In Luke’s infancy narrative that we heard at Christmas, the first to see the Child Jesus are the Shepherds. The angel appears to them to announce the birth of the Savior. The beauty of Luke’s gospel is that it is the outcasts of society who are invited in first, the poor shepherds who live in the hills tending the sheep, to see the infant Christ.

In Matthew’s version that we hear today there is another surprise. The first to seek and see the Christ are the magi from the East. These men were Gentiles, not Jews. This expresses the experience of the early Church, where many of the Jew’s were indifferent to the claim that Jesus was the Son of God. It also makes Matthew’s point that Jesus came for all people, Jew as well as Gentile. Thus Jesus instructs his disciples at the end of the Gospel to go forth and baptize all nations in the name of the Trinity.

As I think about the Christ who came for all people and who did not exclude the outcast and the sinner, it makes me wonder how we as a Church and how I myself as an individual have built our faith on the foundation of such a loving self-sacrificing God? Are we exclusive of people? Are there people not welcomed to our table? Is there a common foundation here for us to build unity between the Churches? Such questions call us to question and dialogue about what we assume is sacred and what is not.
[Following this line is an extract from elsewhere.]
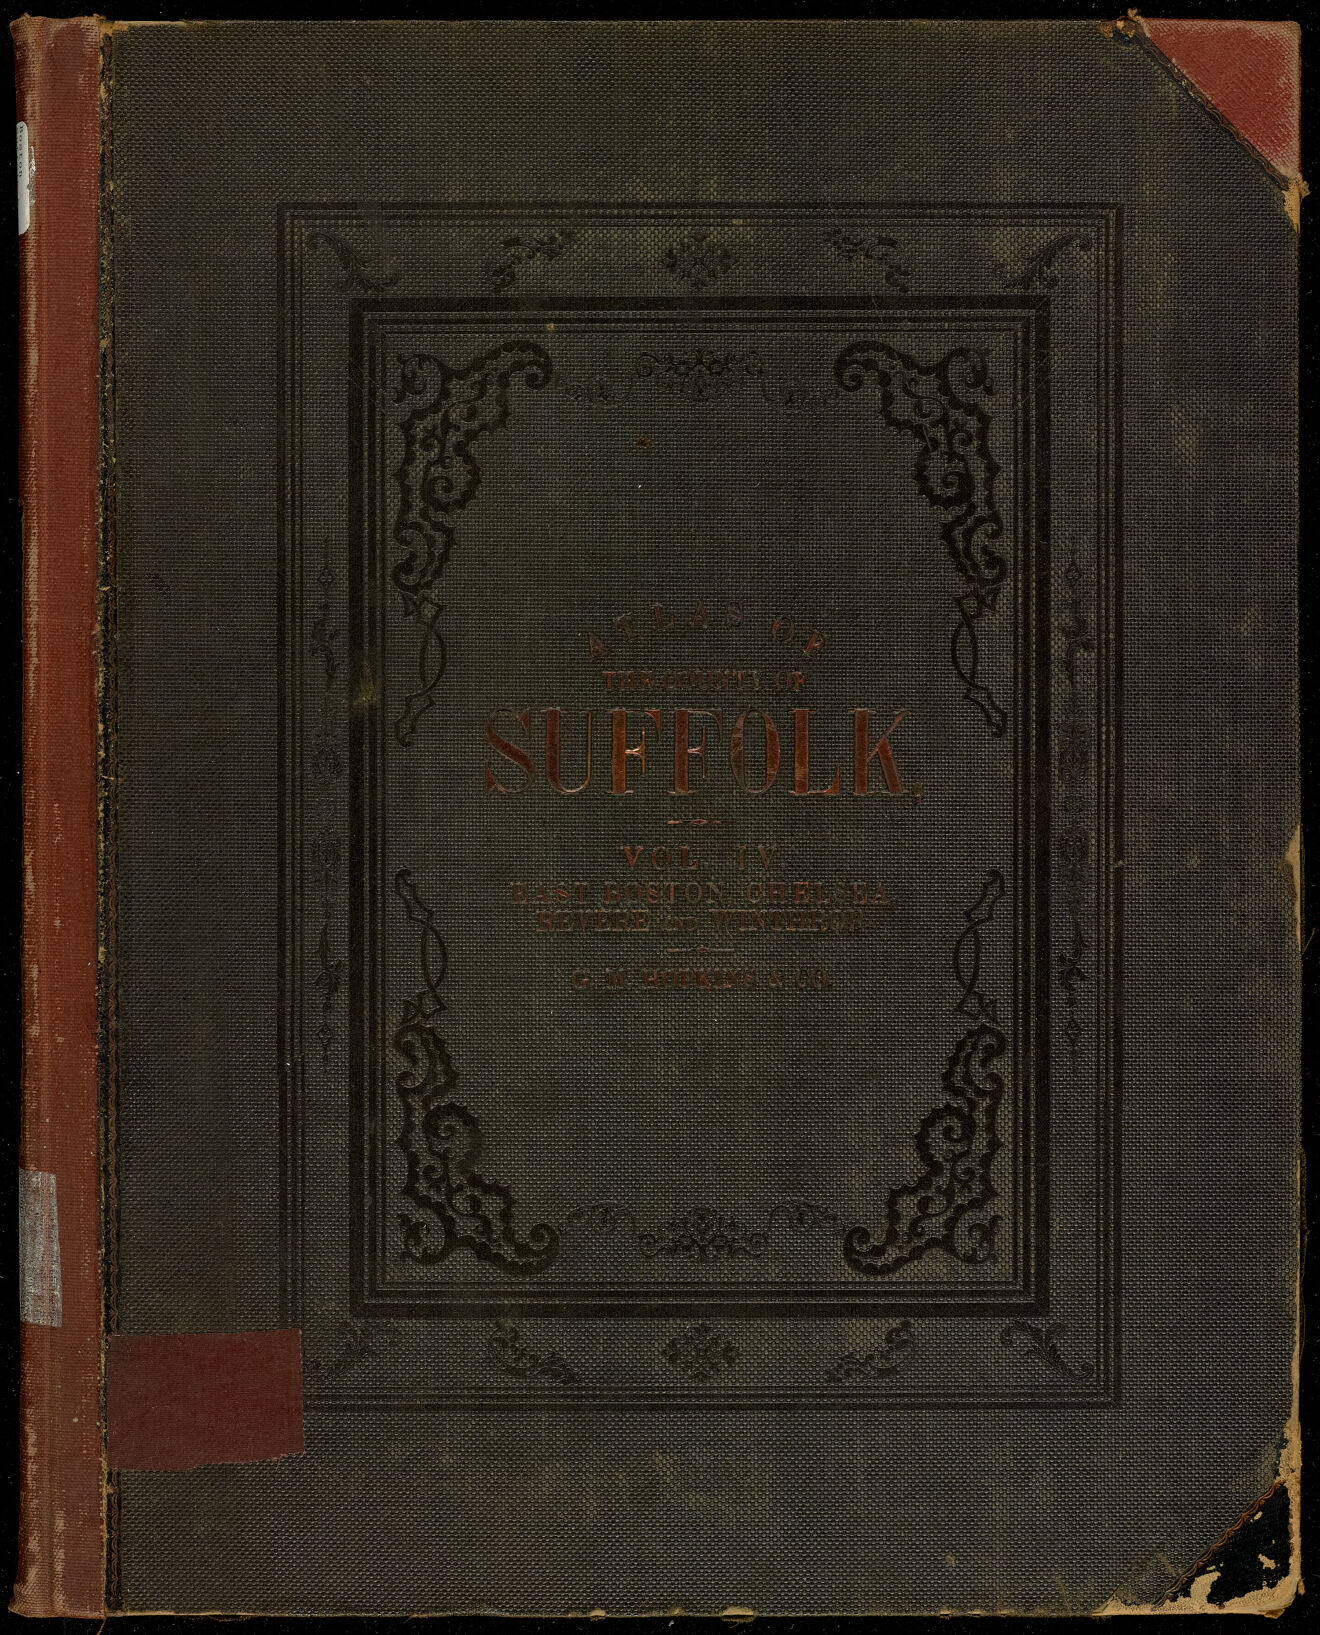 Atlas of the county of Suffolk, Massachusetts, vol. 4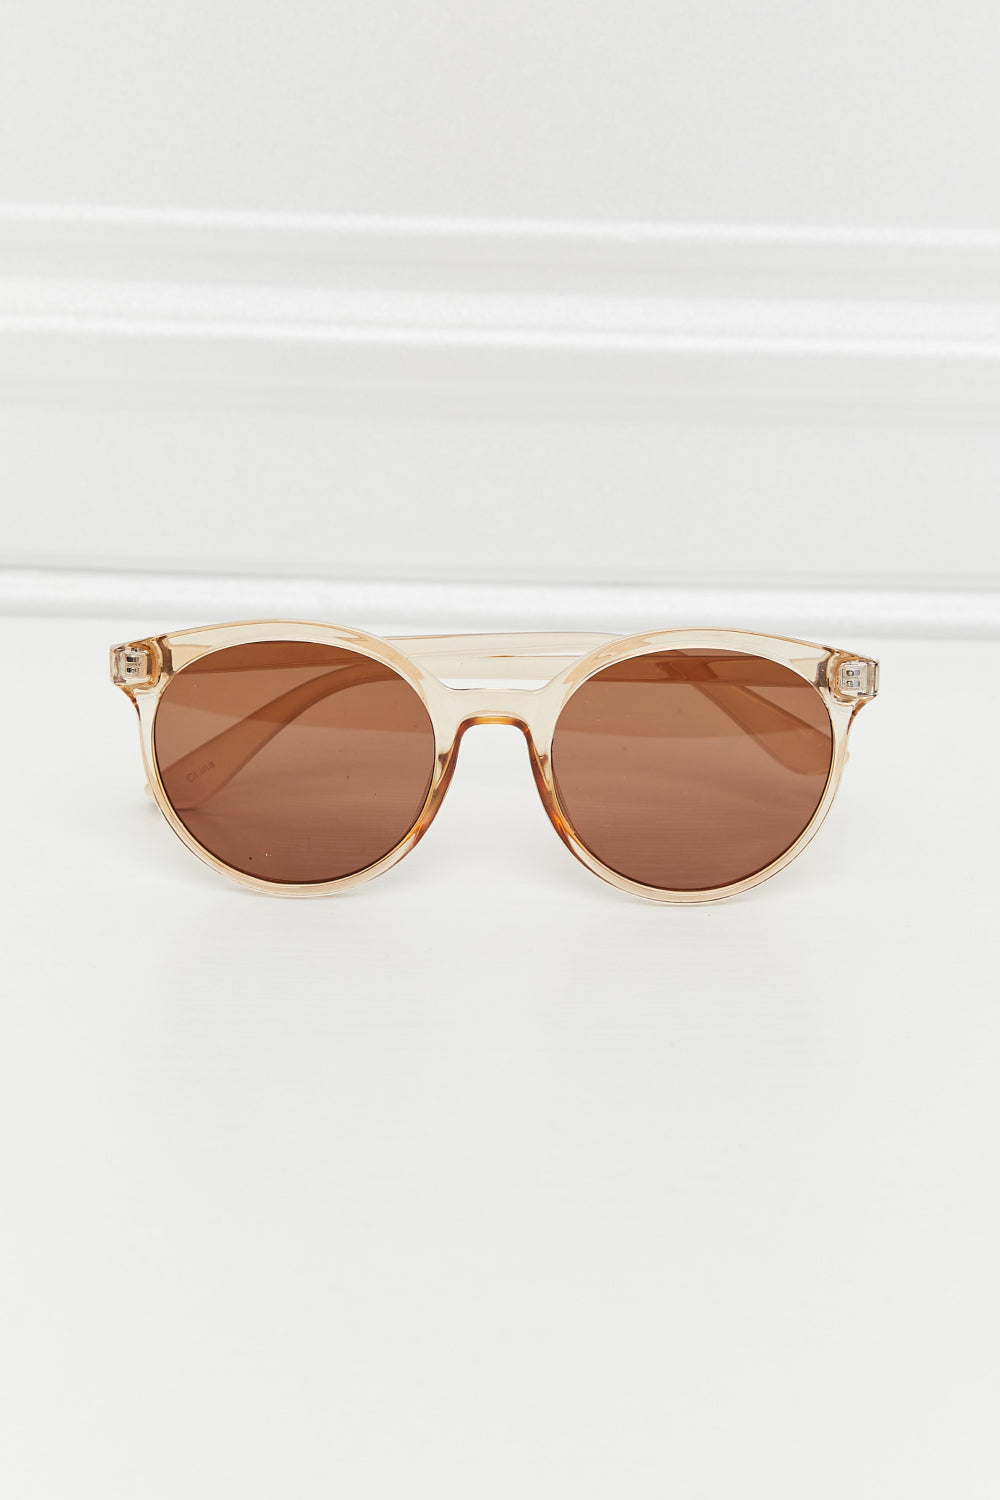 Round Full Rim Polycarbonate Frame Sunglasses - Sunglasses - FITGGINS

To honestly reflect on the questions above we need to be able to rise above cultural assumptions to discover anew what Christ would do, or what his unconditional love calls us to do in the political, social and economic world of today. It calls us to do what the magi did, to set out and seek the Lord even if it takes us to ‘foreign’ lands, to places we are not comfortable with. It is then we will be able to offer the symbolic gifts to Christ that they gave, gold, frankincense and myrrh.

In the giving of gold they offered the riches of this life to the Lord. With the frankincense they offered their spirits as their prayers would rise with the incense, and the myrrh expressed their willingness to share in Christ’s death to rise with him, as myrrh was used for burial preparation. These gifts are the gifts put in their hands by the early Church and reflect their faith in the life, death and resurrection of the Lord Jesus.

We are called to give the gold of our lives to the Lord by looking at material possession through the eyes of the Gospel. We are called to give our lives to the Lord through the use of our gifts and talents given in service of the one who made us. In doing so we dedicate our lives to the Lord, thus accepting the call to unite our lives with his so that we may share fully in is life, his suffering and death, and ultimately in his resurrection.

When we truly give the Lord our gold, frankincense and myrrh, our lives become holy. For it is then we achieve the purpose and mission of our lives here on earth, and become ready with eager hearts to embrace the gift of death that finally brings to us the unity with God we so long for.

Ours is to realize that Christ came for us and that our ultimate goal is to share as fully as we can in his life. To do so we strive each day to seek the Lord, wherever that may take us, and to continually offer to the Lord the gold, frankincense and myrrh of our lives. May the Lord help us know his great love for us, may he inspire us to seek him in all things and may we learn to share fully in his life in giving back to him our gifts of gold, frankincense and myrrh.